### Instructions to follow:
Only the lines of the listing below that run from the line with "joeybadass-teachme.jpg" through the line with "The white house" are to be set down, word for word. Pictures stay out.

### Data shown:
::::::::::
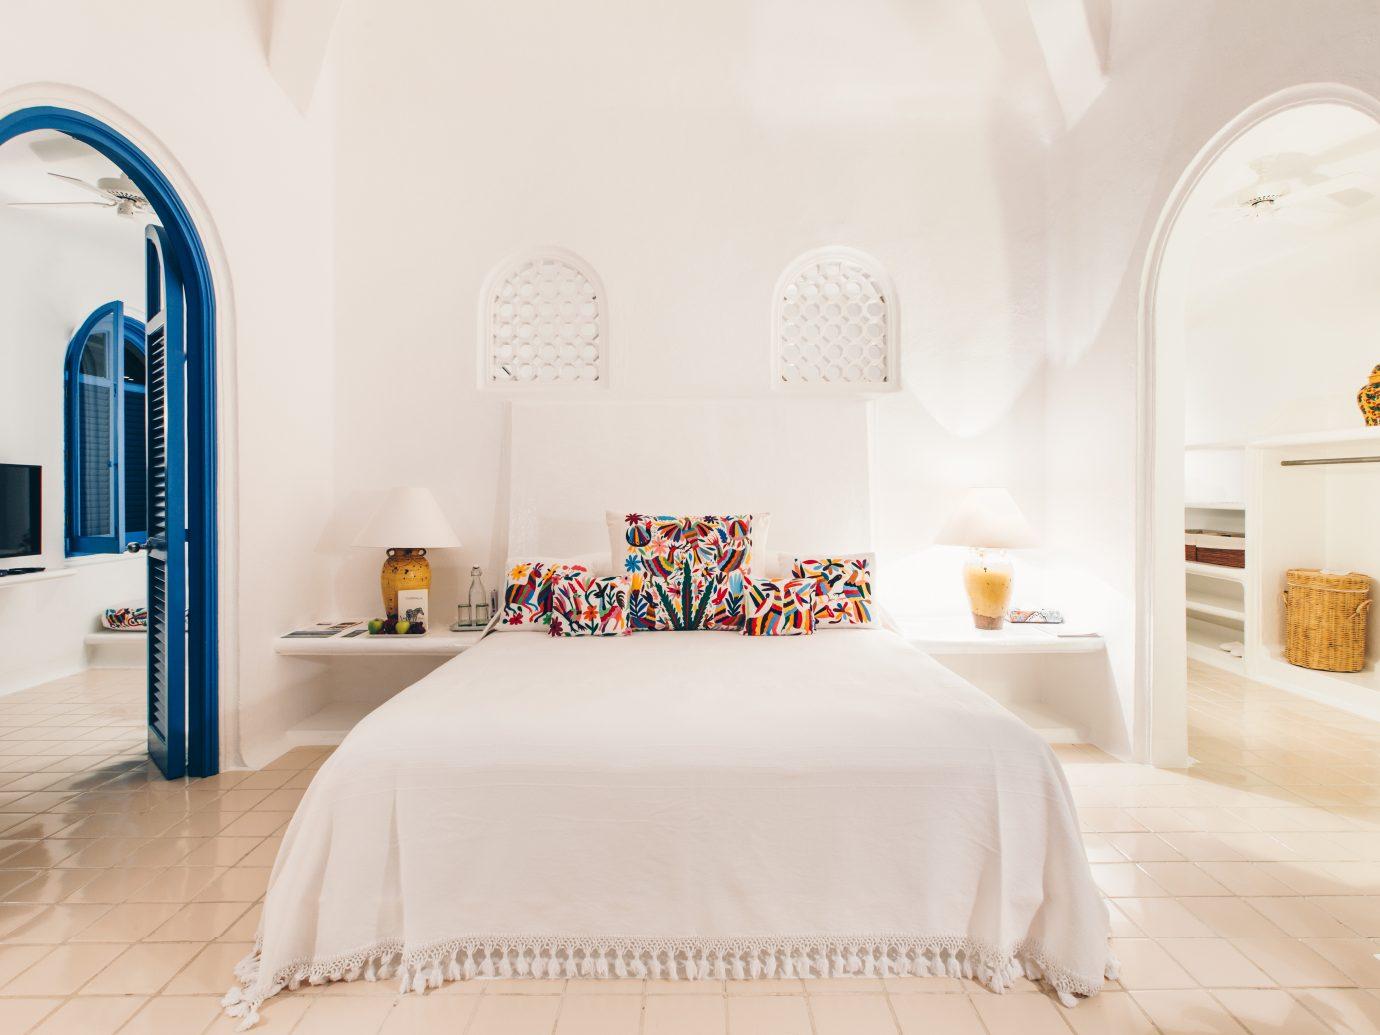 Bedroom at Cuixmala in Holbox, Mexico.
::::::::::
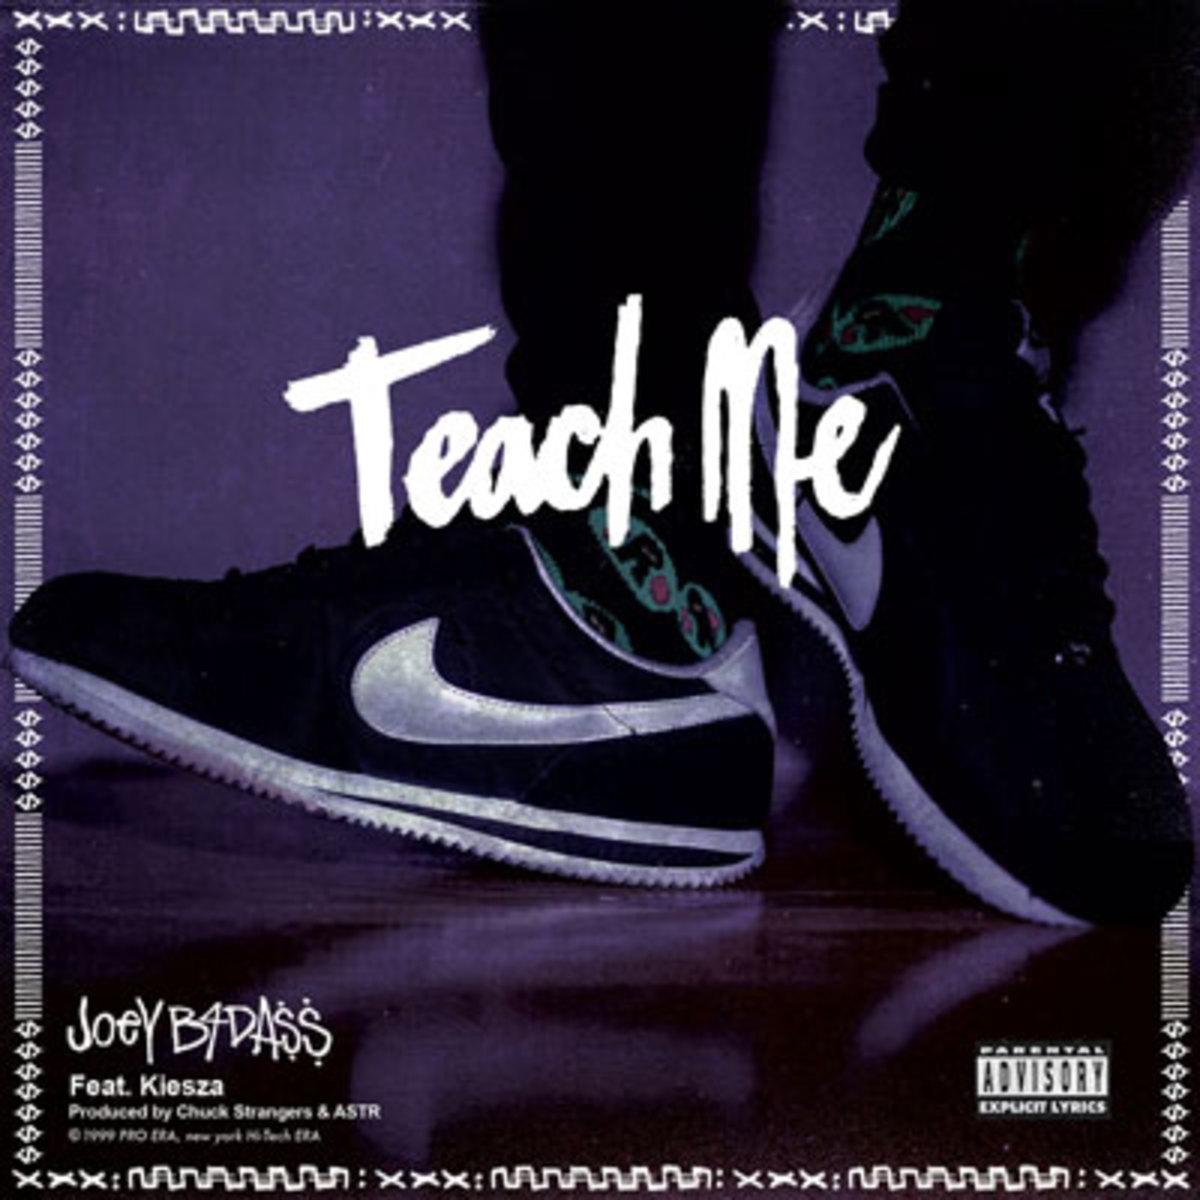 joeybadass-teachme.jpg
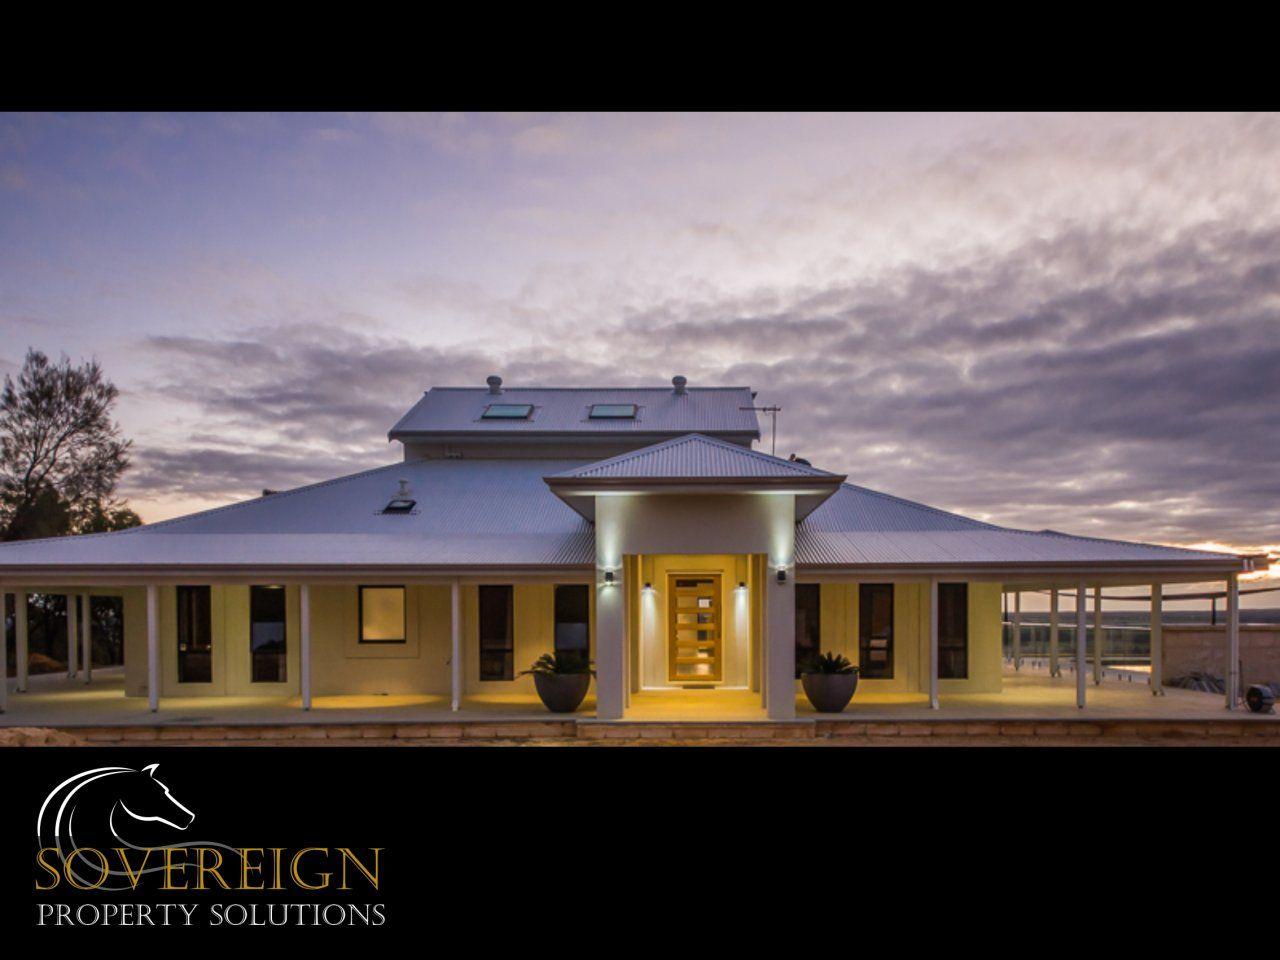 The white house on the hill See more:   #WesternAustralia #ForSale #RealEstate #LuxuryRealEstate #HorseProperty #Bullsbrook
::::::::::
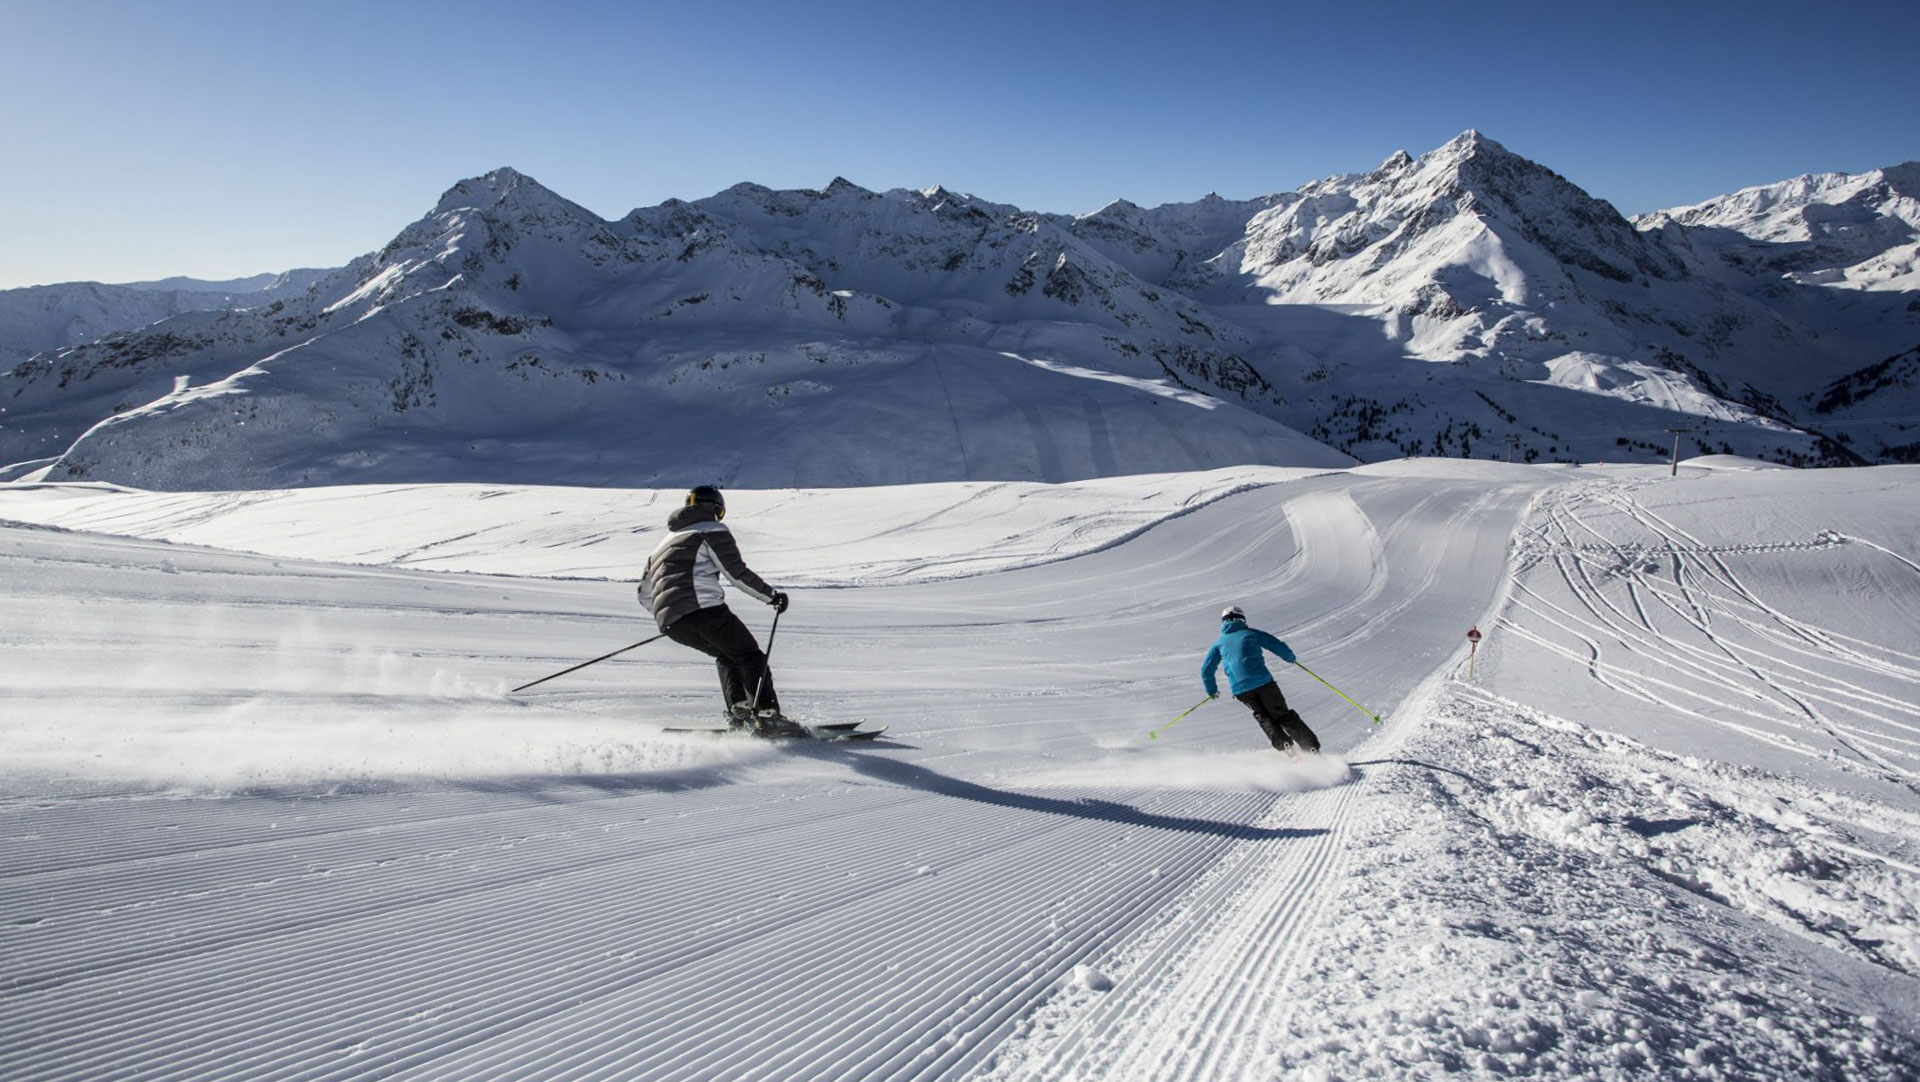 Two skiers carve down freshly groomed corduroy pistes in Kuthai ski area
::::::::::
### Output of the task:
 joeybadass-teachme.jpg
 The white house on the hill See more:   #WesternAustralia #ForSale #RealEstate #LuxuryRealEstate #HorseProperty #Bullsbrook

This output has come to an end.